/---
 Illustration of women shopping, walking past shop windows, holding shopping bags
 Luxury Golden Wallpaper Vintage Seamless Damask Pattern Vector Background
\---
/---
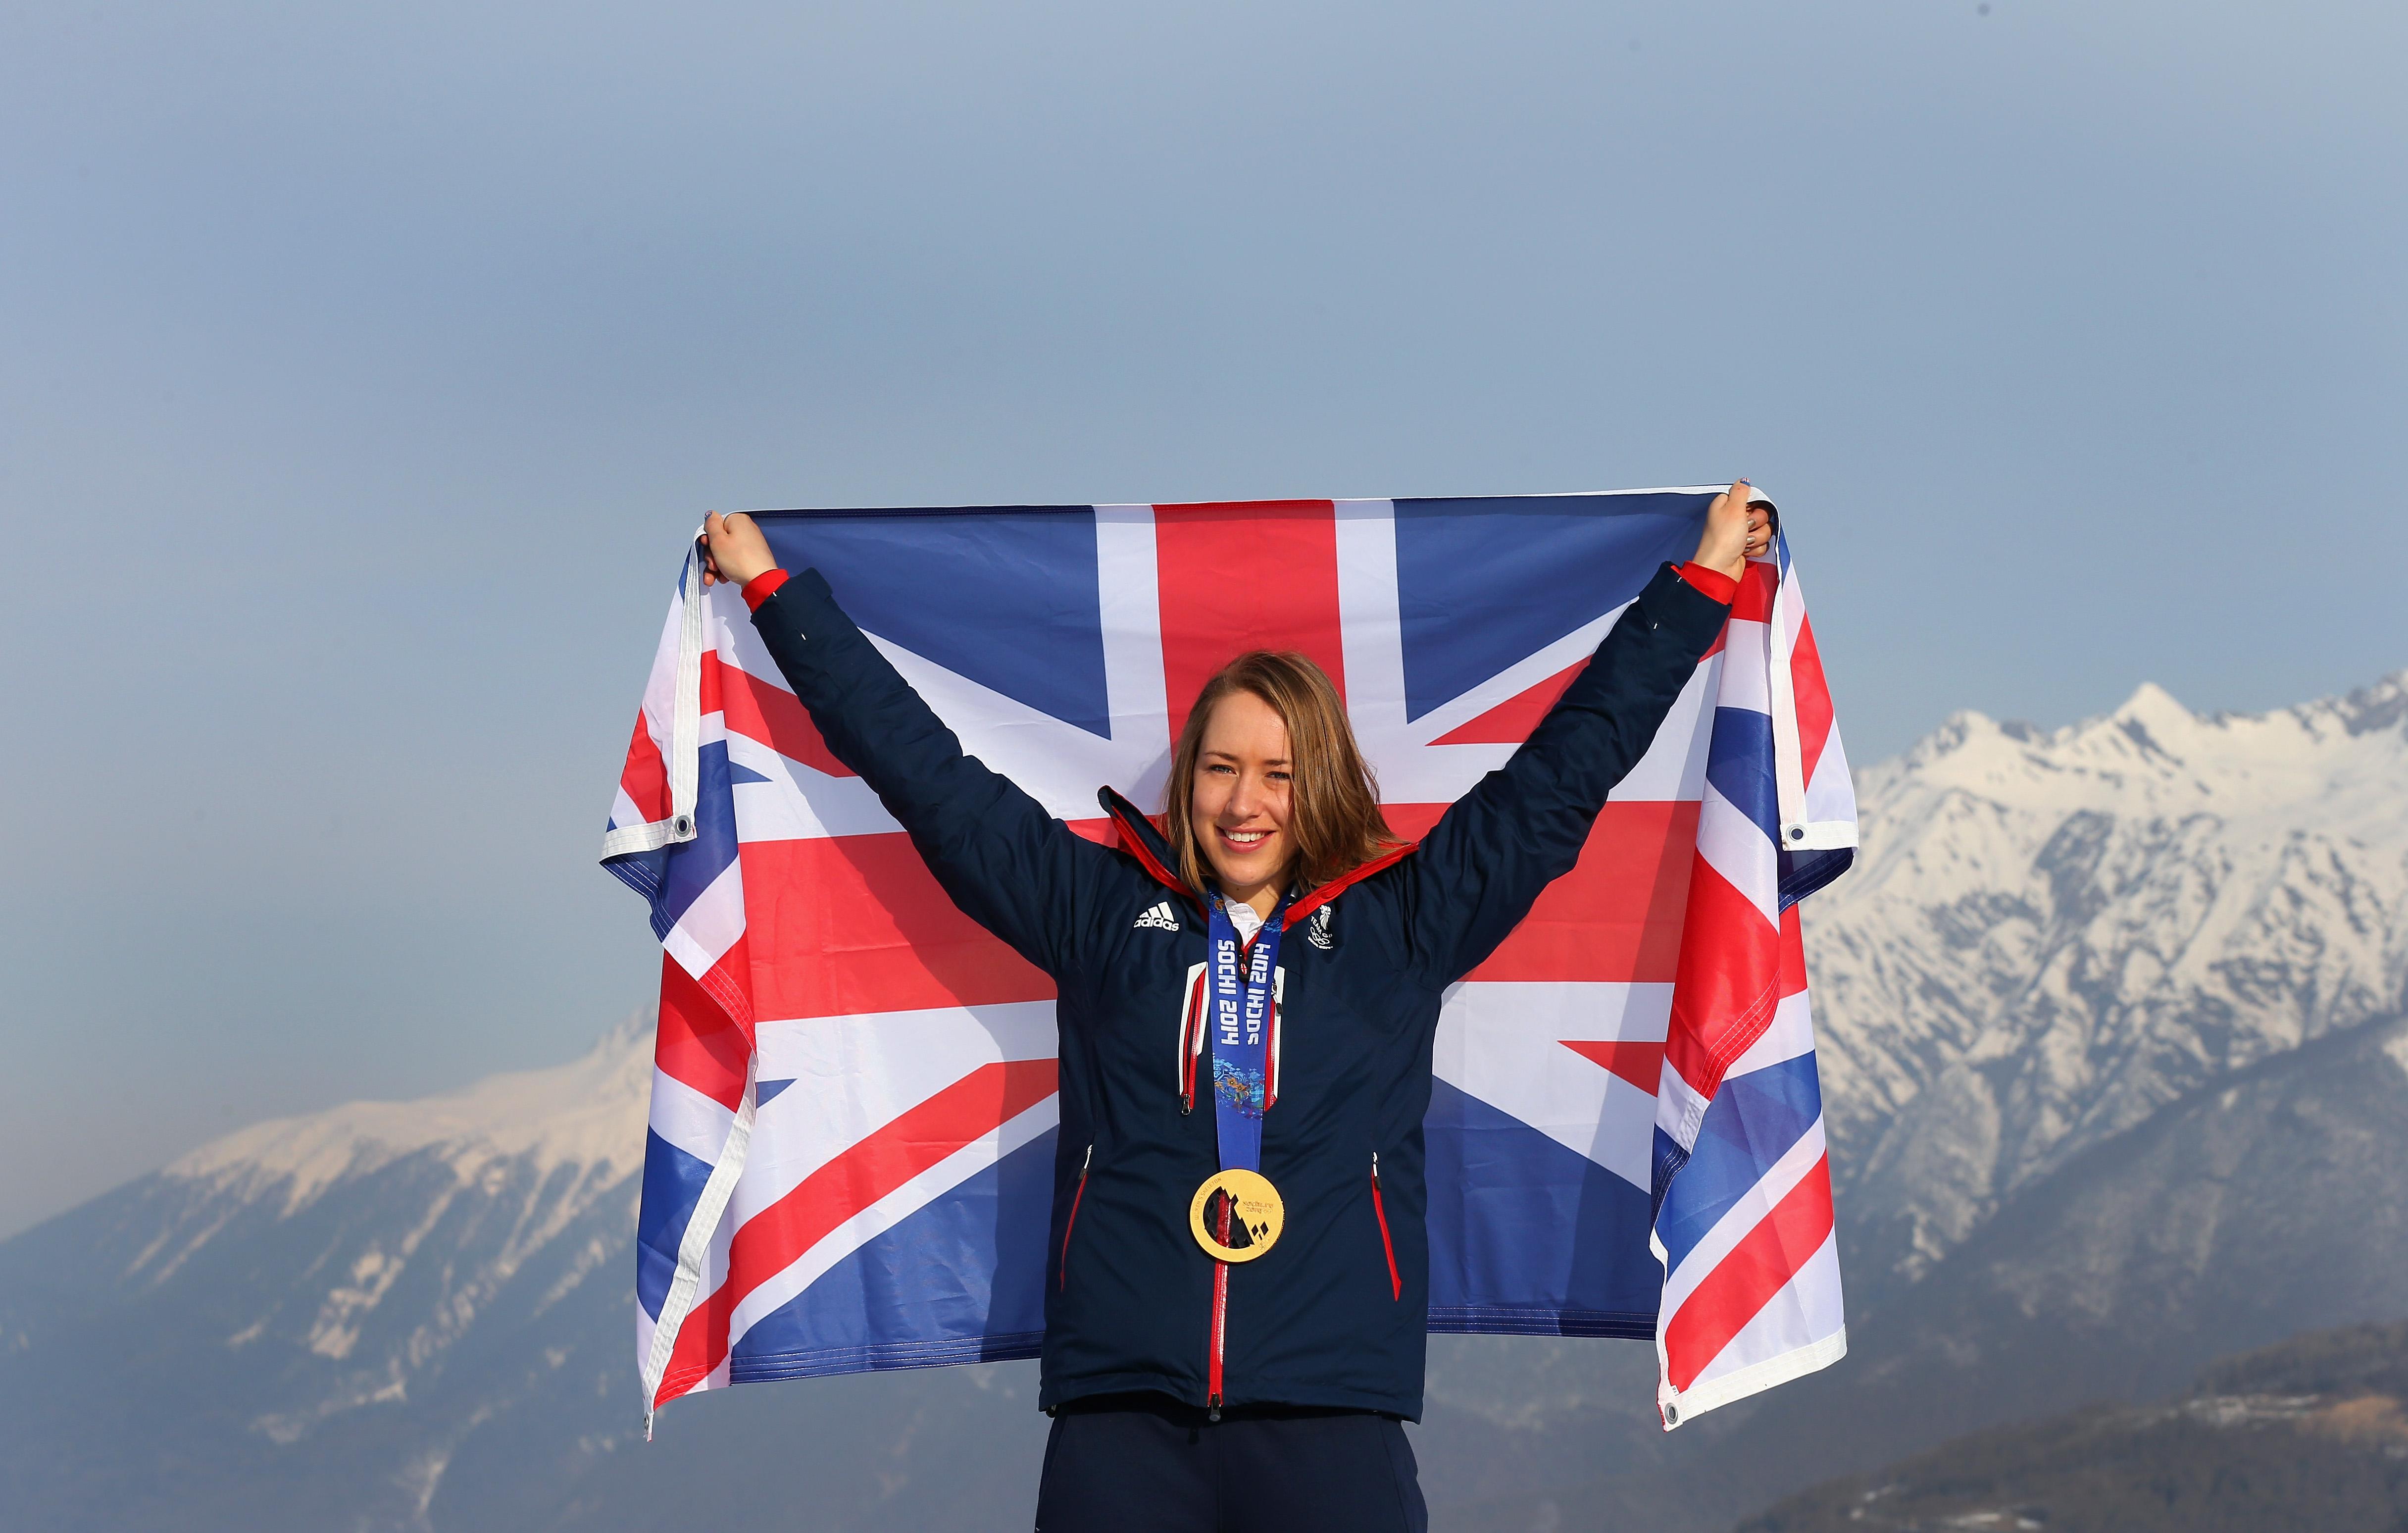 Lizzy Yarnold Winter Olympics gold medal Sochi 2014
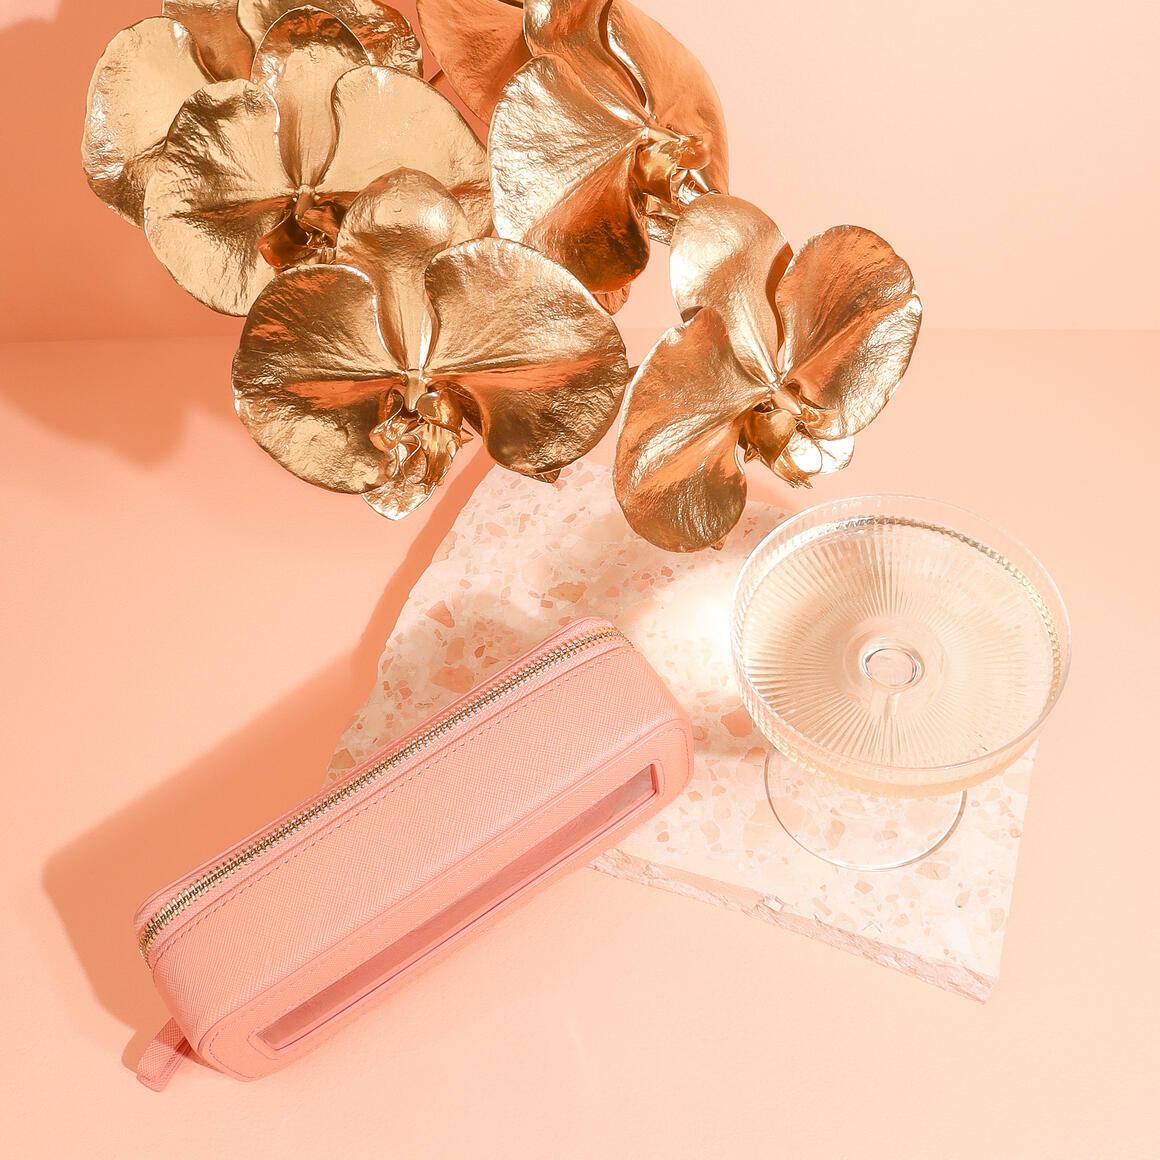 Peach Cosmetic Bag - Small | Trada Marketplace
\---
### What is required:
Reproduce exactly, and with no other material, the lines between those holding "Illustration of women" and "Luxury Golden Wallpaper", inclusive.

### Exercise result:
 Illustration of women shopping, walking past shop windows, holding shopping bags
 Luxury Golden Wallpaper Vintage Seamless Damask Pattern Vector Background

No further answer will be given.